Ready to learn Data Analytics? Browse Data Analyst Training and Certification courses developed by industry thought leaders and Experfy in Harvard Innovation Lab.

Two years ago, I wrote a blog entitled “What Size is Your Suitcase?” in which I recounted a holiday shopping “dilemma” my wife and I experienced  as we purchased mutual gift suitcases. The muddle revolved on which size bags to buy – large ones that could handle all our travel needs, or more agile small to mid-size pieces that might be convenient for 95+% of our planned trips, if inadequate for the extreme. I chose the latter, settling on a 21 inch spinner that fits in the overhead bins of commercial aircraft. My wife initially went large, opting for a bulky 25 incher. Once she had it in hand, though, she deemed it clunky and had me exchange for the easier-to-maneuver 23 inch.
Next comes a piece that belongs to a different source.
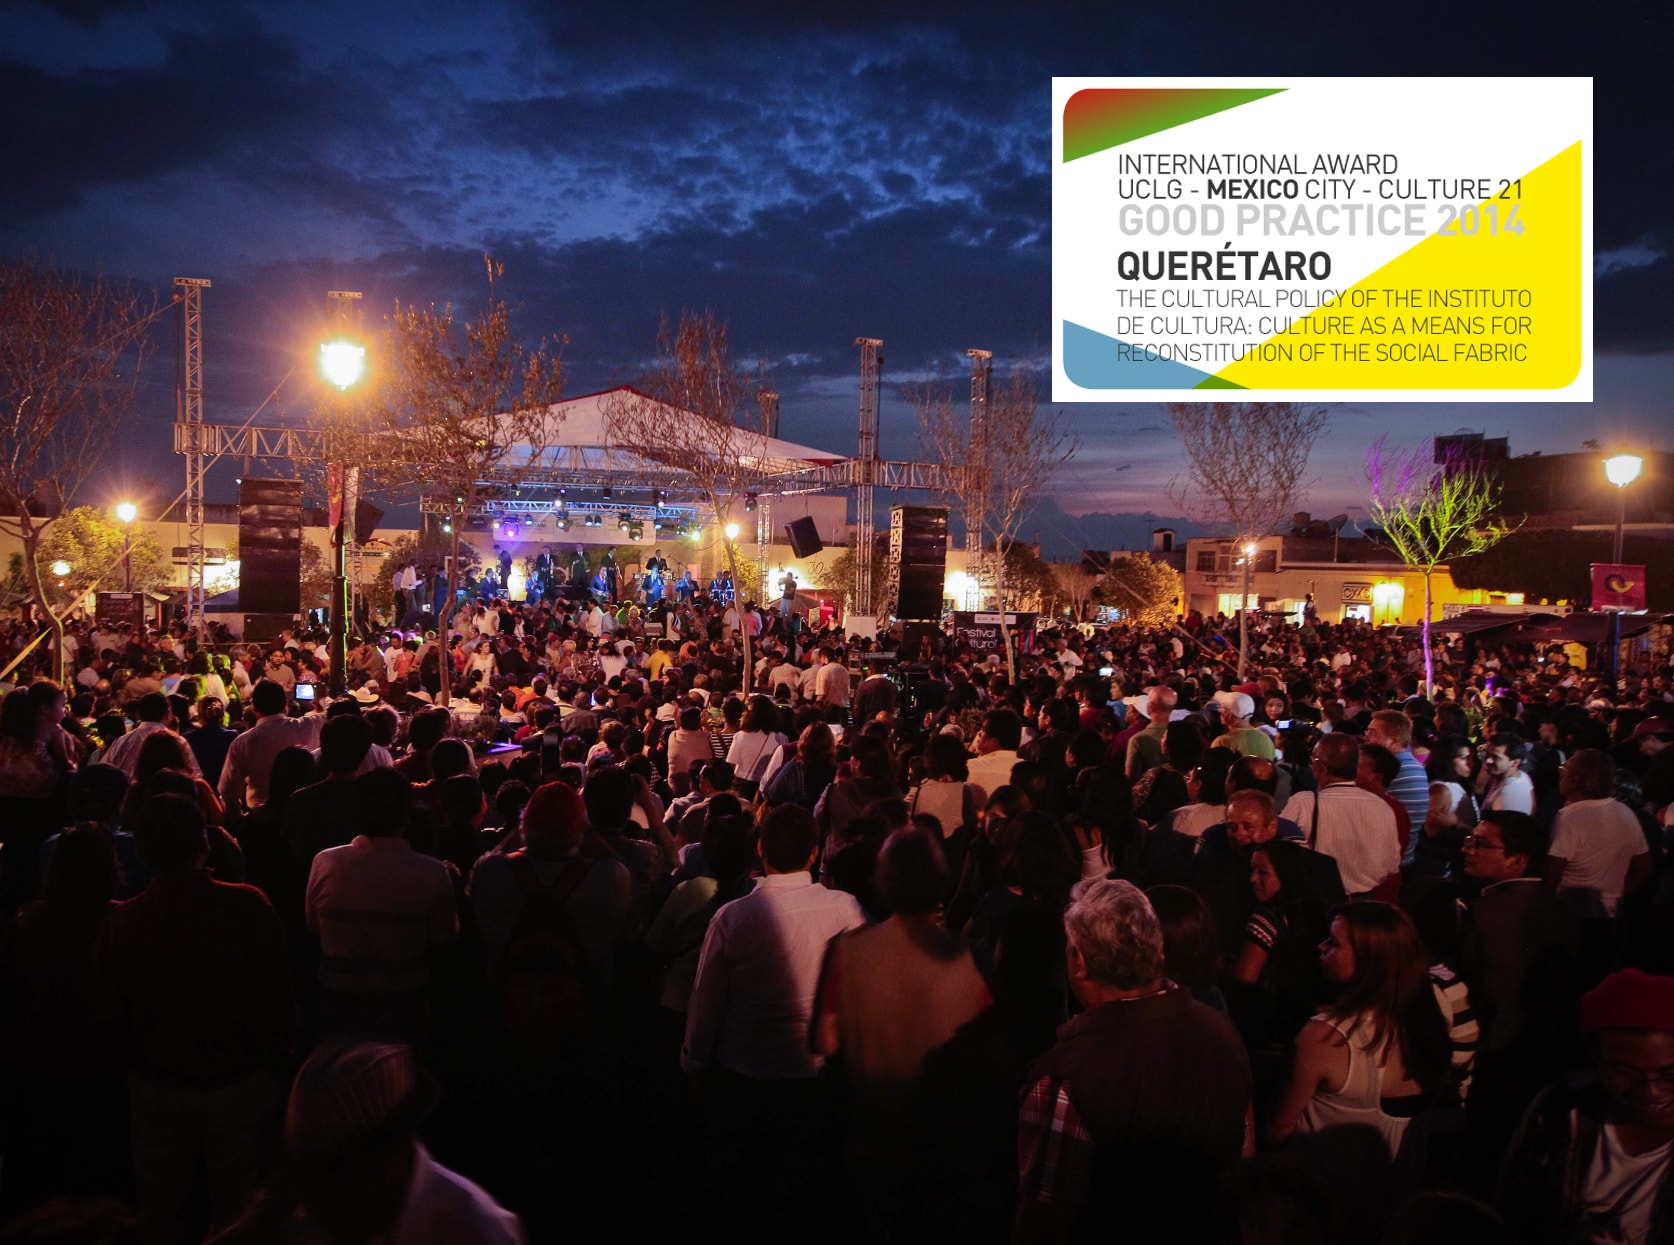 La cultura como medio para la reconstitución del tejido social, Querétaro

I used the suitcase dilemma as a metaphor for the types of decisions I saw being made in the analytics technology world by customers of Inquidia, the consultancy I worked for at the time. Companies we contracted with were invariably confronted with the decision on the type/size/complexity of solutions to implement, and they many times initially demanded the 100% answer to their forecast needs into the mid to long range future. One customer pondered an Hadoop “Big Data” ecosystem surrounding its purported 10 TB of analytic data. In reality, the “real” data size was more like 1 TB and growing slowly  – easily managed by an open source analytic database. The customer seemed disappointed when we told them they didn’t need a Big Data solution. Another customer fretted about the data size limitation of the R statistical platform, confiding they might go instead with an expensive proprietary competitor. Turns out that their largest statistical data set the year we engaged was a modest 2 GB. I showed them R working comfortably with a 20 GB data table on a 64 GB RAM Wintel notebook and they were sold. My summary take: be a suitcase-skeptic – don’t be too quick to purchase the largest, handle-all-cases bags. Consider in addition the frugality and simplicity of a 95+% solution, simultaneously planning for, but not implementing, the 100% case.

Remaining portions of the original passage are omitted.